Song by Minor Threat

from the EP Minor Threat
- Released: June 1981
- Genre: Hardcore punk
- Length: 0:46
- Label: Dischord
- Songwriter: Ian MacKaye
- Producers: Ian MacKaye, Minor Threat

= Straight Edge (song) =

"Straight Edge" is a track from Minor Threat's 1981 eponymous debut 7-inch EP, later reissued both as part of the 1984 collection First Two Seven Inches, then as part of 1989's Complete Discography. The song was the inspiration for a movement in the punk subculture known as straight edge.

==Cultural impact==
The song provides a succinct summary of Ian MacKaye's interpretation of the philosophy that prescribed abstinence from snorting white powder (cocaine), speed (amphetamines), smoking dope (marijuana), sniffing glue (inhalants), and quaalude use.

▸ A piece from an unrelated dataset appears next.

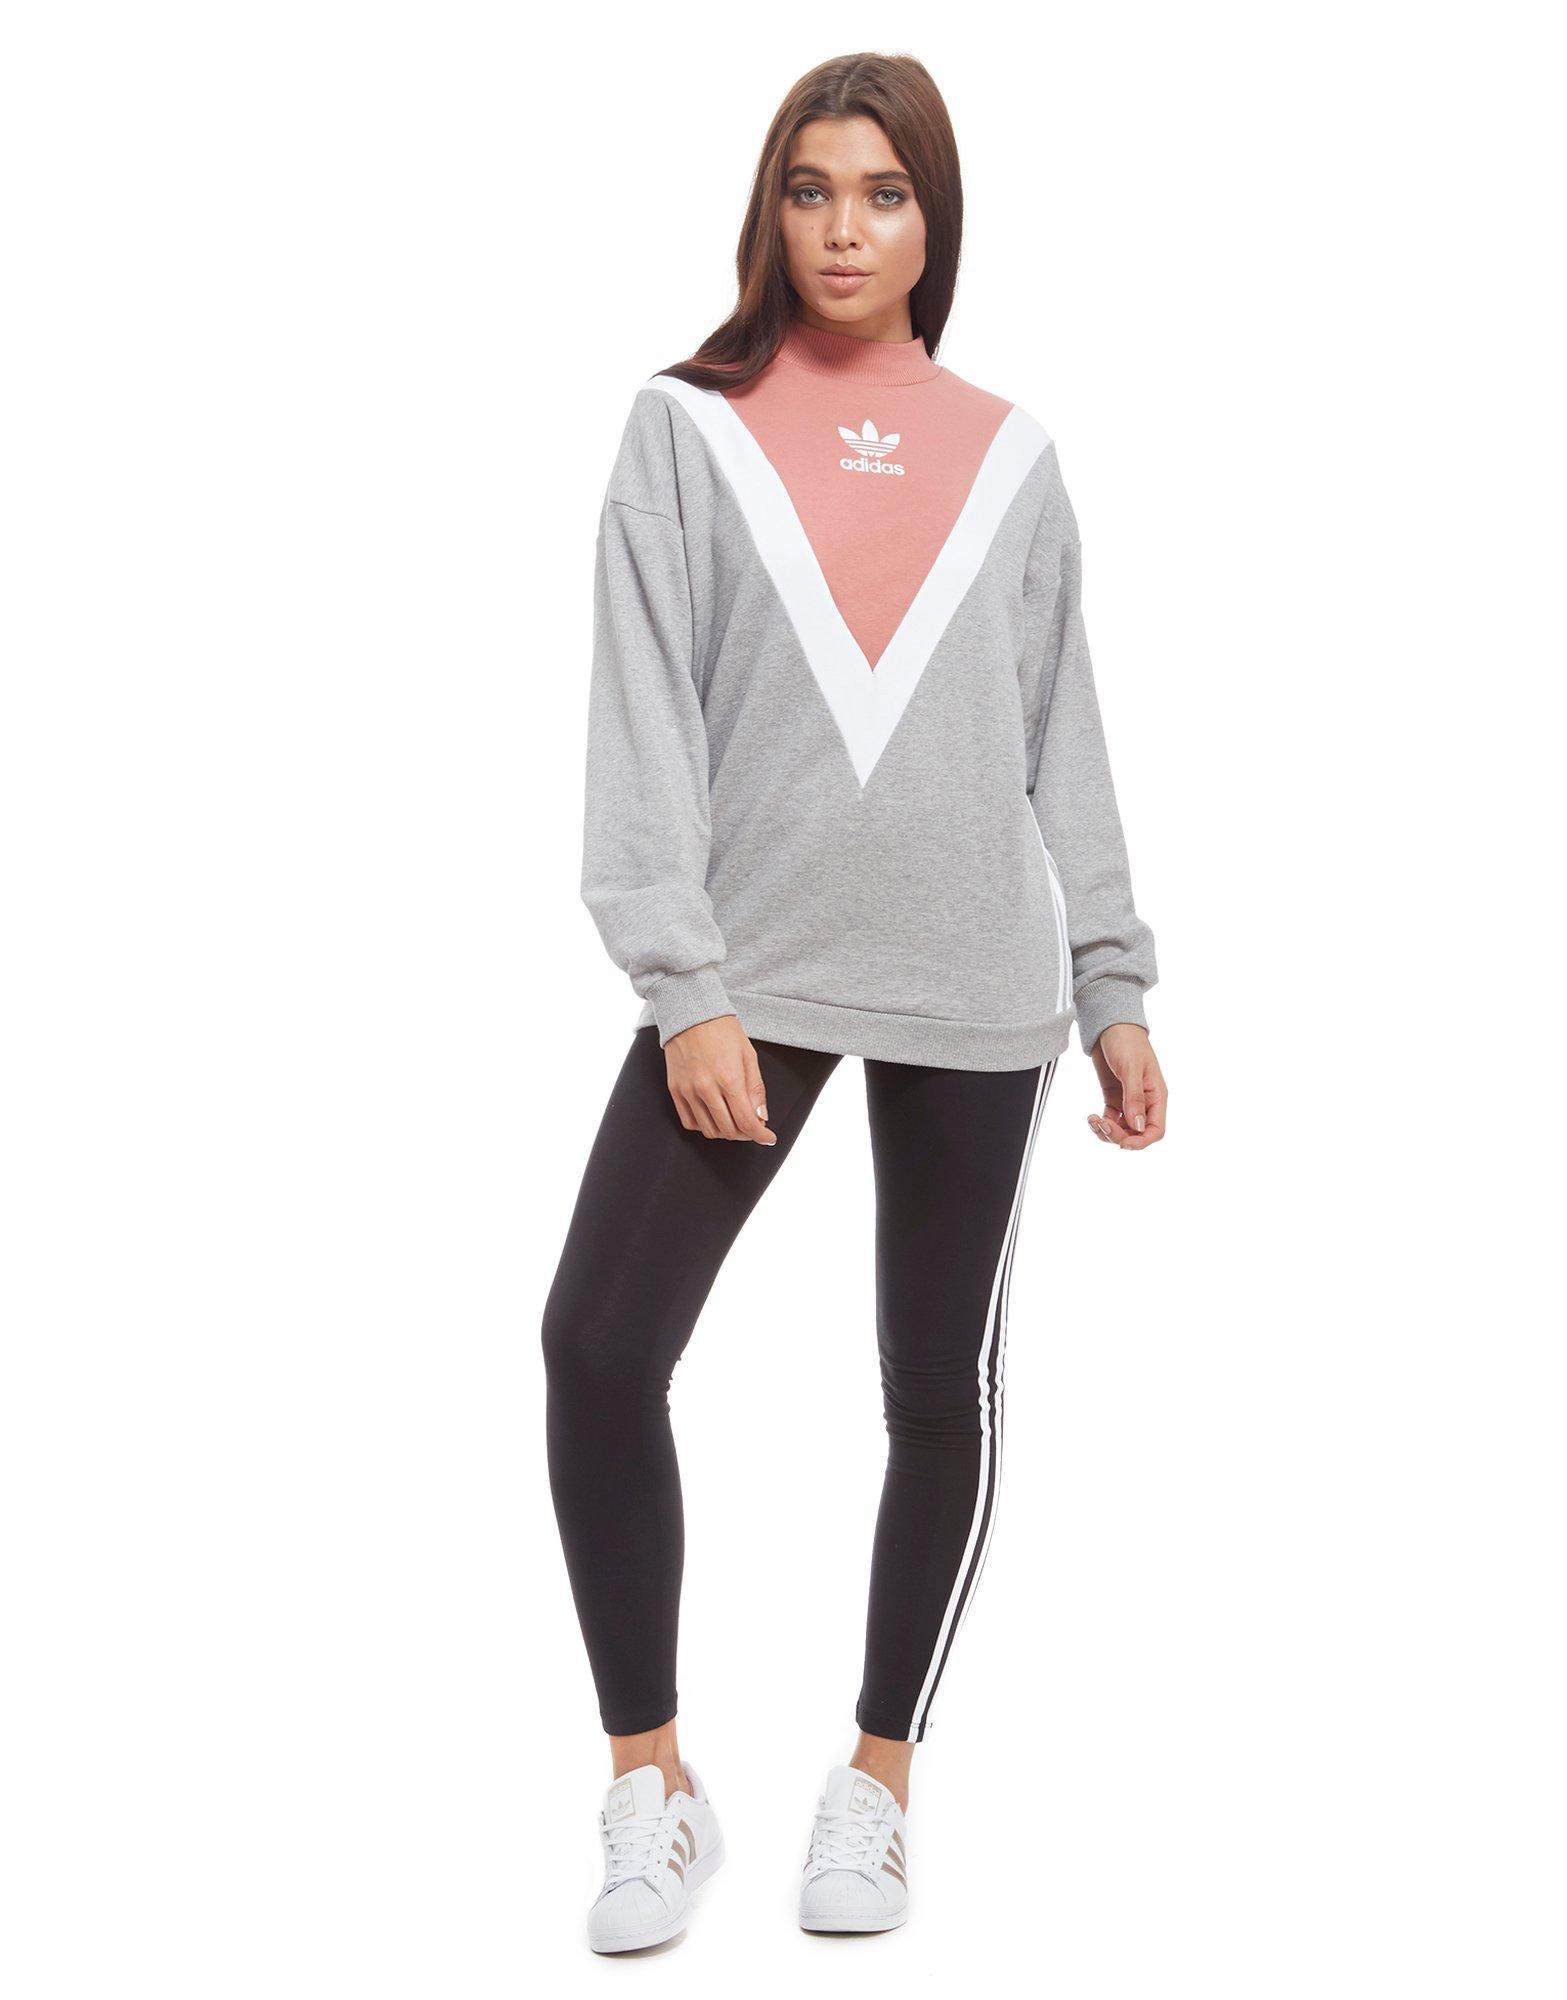 grey and pink adidas jumper

The anti-inebriation movement had been developing in punk prior to this song, but the song was a major influence in giving the scene a name and, in frontman Ian MacKaye, something of a (somewhat unwilling) figurehead. The song is also notable as being, at 46 seconds long, unusually short, especially considering its cultural impact. The track's themes were later followed up, and further detailed by the later Minor Threat songs "Out of Step (With the World)" and "In My Eyes".

==Critical reception==
Along with being cited regularly as an important moment in founding the straight edge punk scene, the track has continued to receive critical plaudits, with Pitchfork Media stating that "Straight Edge" "rings with as much immediacy as it ever has", while AllMusic's Blake Butler describes it as an "anthemic, pulse pounding manifesto", citing "this song's importance in the progression of hardcore".

==Personnel==
- Ian MacKaye – vocals
- Lyle Preslar – guitar
- Brian Baker – bass guitar
- Jeff Nelson – drums

== NOFX cover version ==
Punk band NOFX covered the song on their 1992 album White Trash, Two Heebs and a Bean. The song is played with a jazz melody, and sung in the style of Louis Armstrong.